How can we control the genie? As will appear, it is permissible to speak of the industries which preceded the industrial revolution as “simple” industries and of the industries of today as “complex industries. This classification helps us to appreciate some of the difficulties connected with social control of industrial matters today, for, in itself, a complex situation is difficult to cope with. Then, too, during the many generations of simple industry certain attitudes of mind developed—certain slogans, maxims, watchwords, and theories.

These, reasonably well adapted to simple industry, have by social inheritance come down to us, and we try to apply them to complex industry with more or less disastrous consequences. Since the reign of the machine—the new technology— has been too brief for us to have developed new attitudes of mind— indeed, even expert students are often at a loss to know what new attitudes should be developed—it follows that for some time to come we are likely to be in a state of uncertainty and bewilderment with respect to many matters of social control.

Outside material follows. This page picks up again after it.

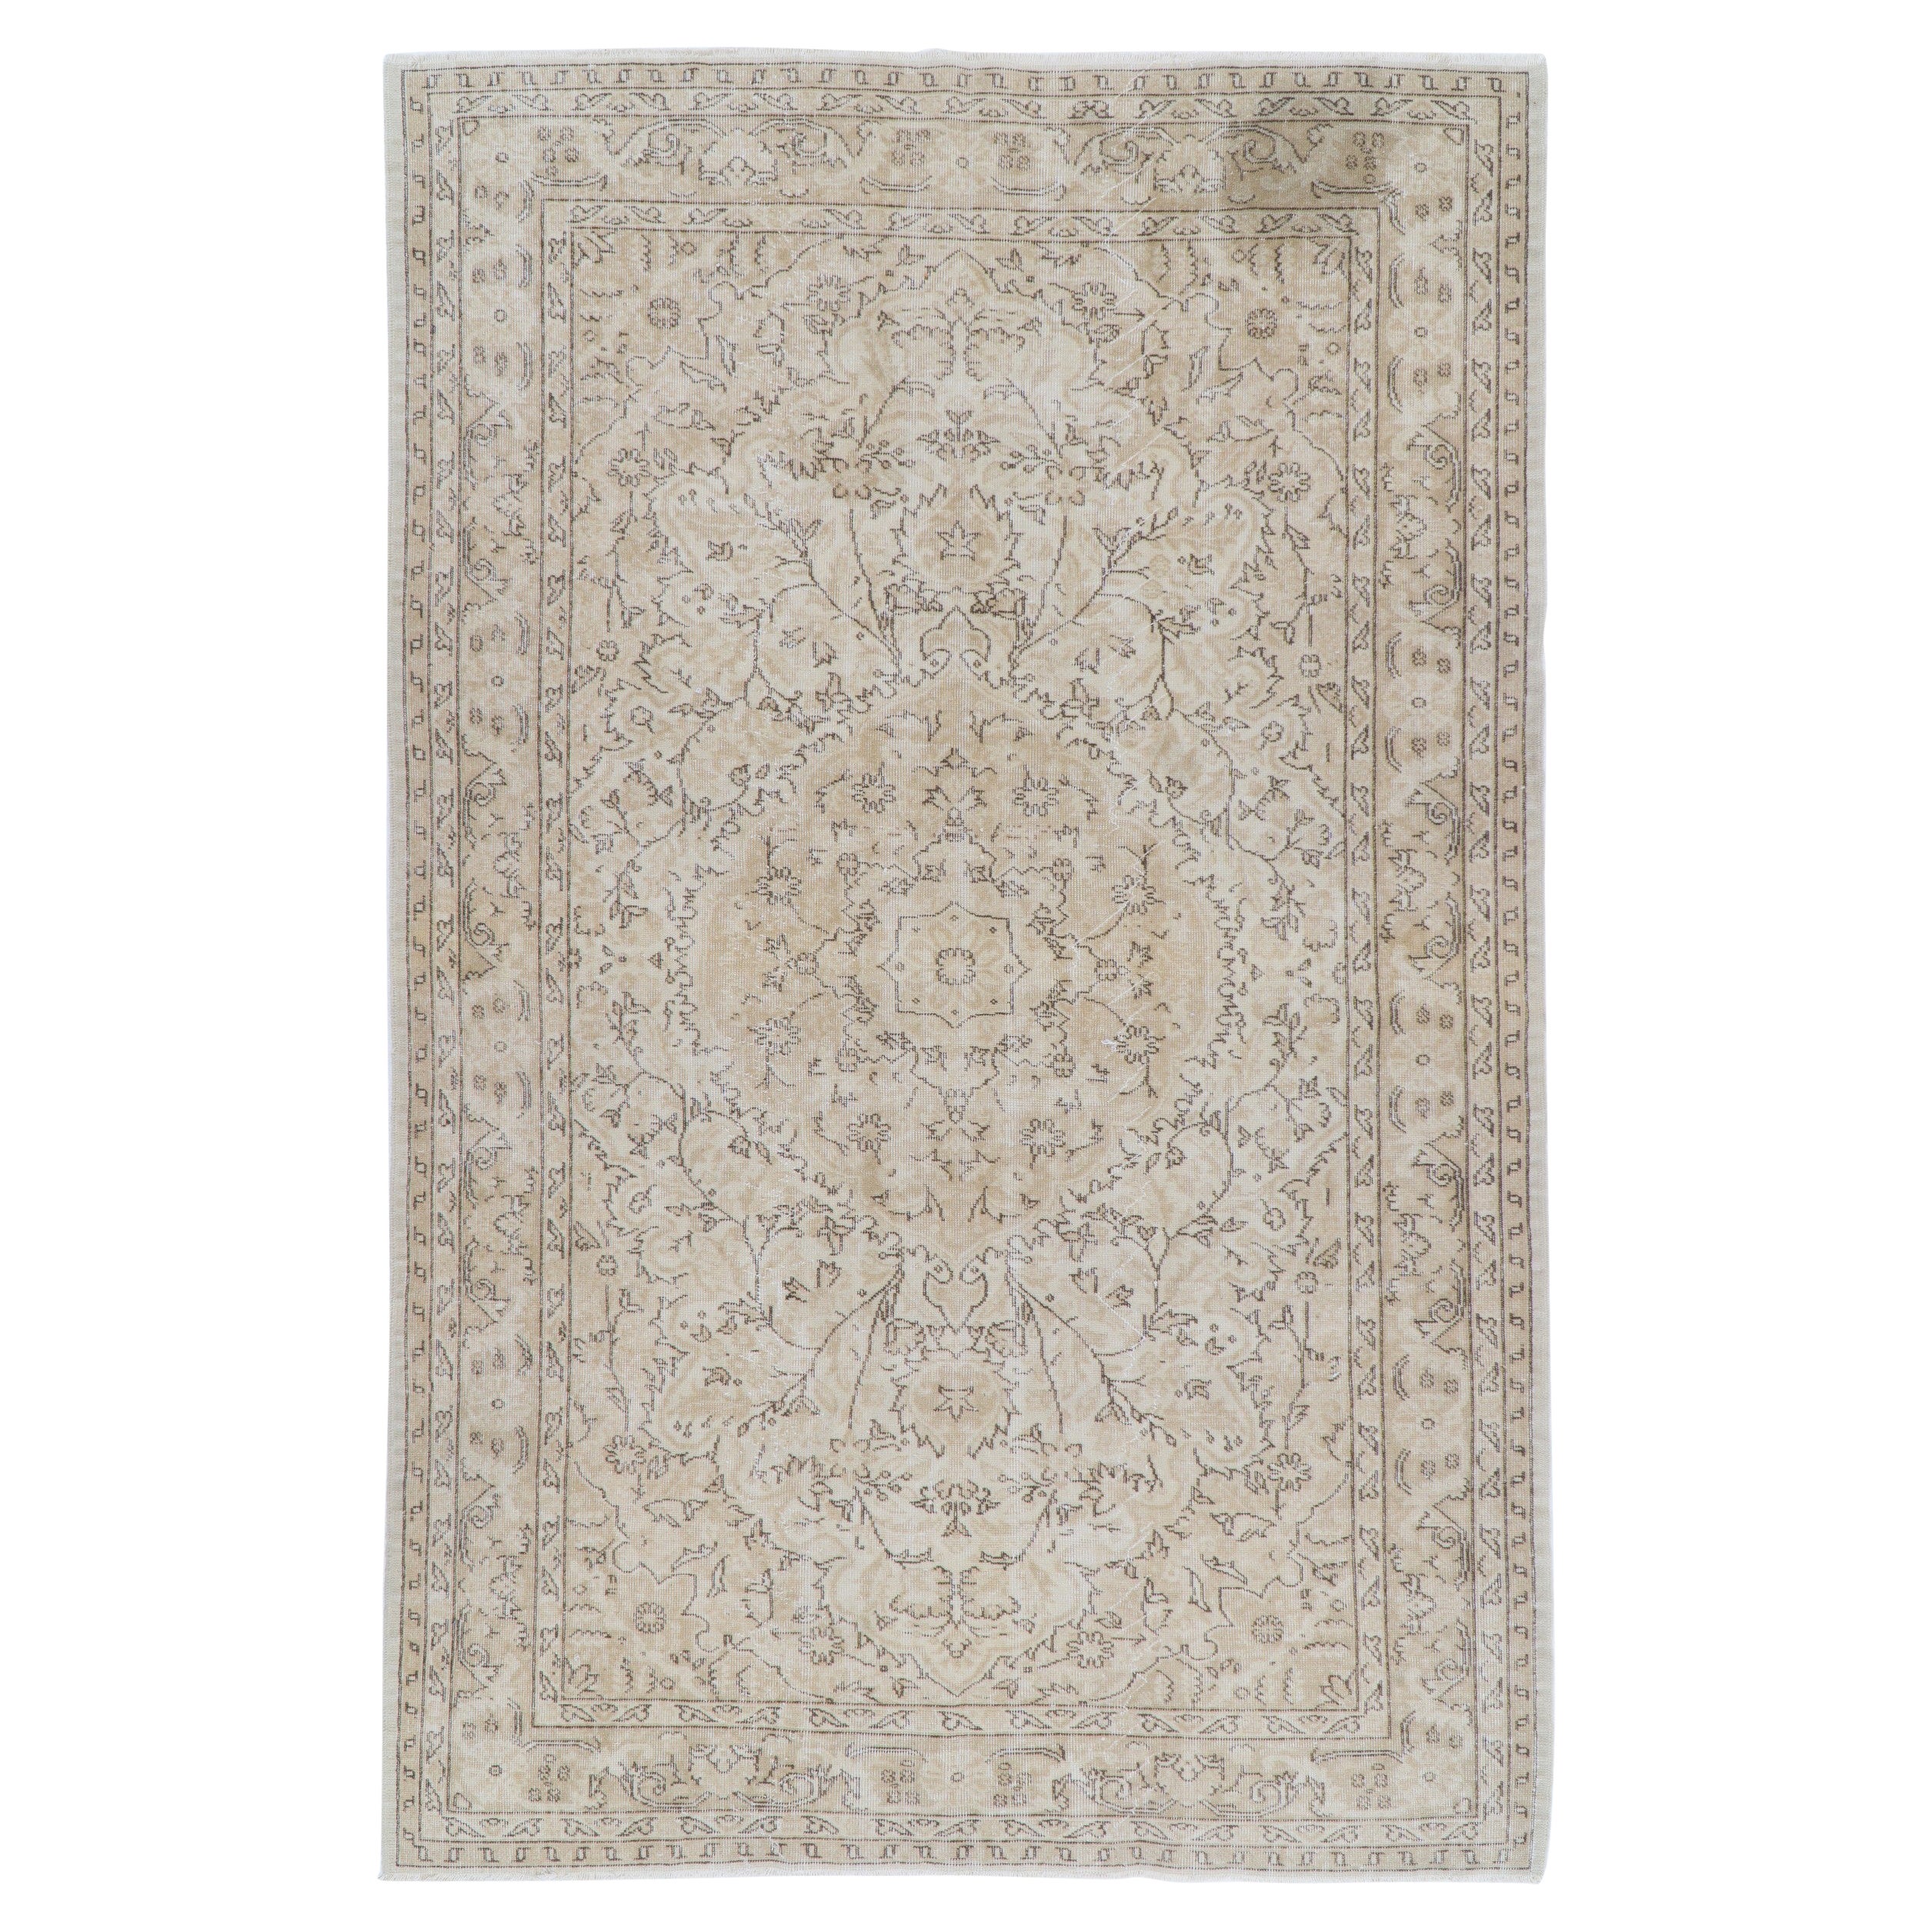 6.3x10 Ft Vintage Distressed Handmade Wool Anatolian Rug in Soft Neutral Colors For Sale

Our old mental landmarks have been swept away, but we have not yet learned what ones may safely be set up in their place. One illustration will suffice. Under simple industry there grew up a faith in “free” competition as an efficient organizing force for industrial society. Free competition involves, among other things, adequate knowledge of the essential facts by all interested parties, and mobility with respect to productive forces.  Under simple industry these conditions obtained. Men could ascertain essential facts; furthermore, it was easy to abandon an unprofitable line of activity and easy to take up a new one.

Under complex industry, however, adequate knowledge and mobility of productive forces are not readily secured; consequently the conditions which would render competition efficient as a universal regulator no longer obtain in large sections of industry. None the less there still rests firmly in the minds of the general public, and, as a result, in the minds of most of our legislators, the conviction that competition is under all circumstances “the life of trade.” Accordingly, much of our legislation (witness the Interstate Commerce Act and almost all of our trust legislation) proceeds calmly on the assumption that most matters may wisely be left to “free” competition. It is, of course, true that competition still has very important functions and possibly an increasing range of functions to perform in our industrial society.

Little is gained, however, by attempting to apply eighteenth-century philosophy concerning competition to twentieth-century conditions. What is true concerning our mental attitude toward competition is equally true in many other fields. Apparently it will be many generations before we shall have developed scientific knowledge and public information competent to cope with the problems of control raised by the presence of indirect costs, but at least we may begin.  Paul A. Douglas 1912

The classical economic viewpoint postulates the rational individual as the unit of society. Each individual, according to this viewpoint, is possessed of certain natural and inalienable rights, fundamental among these natural and inalienable rights are private property, free competition and freedom of individual contract, noninterference with the natural law of supply and demand in the fixing prices and wage rates, the right of the employer to manage his business to suit himself, and the right of the worker to work where, men, and for whom he pleases.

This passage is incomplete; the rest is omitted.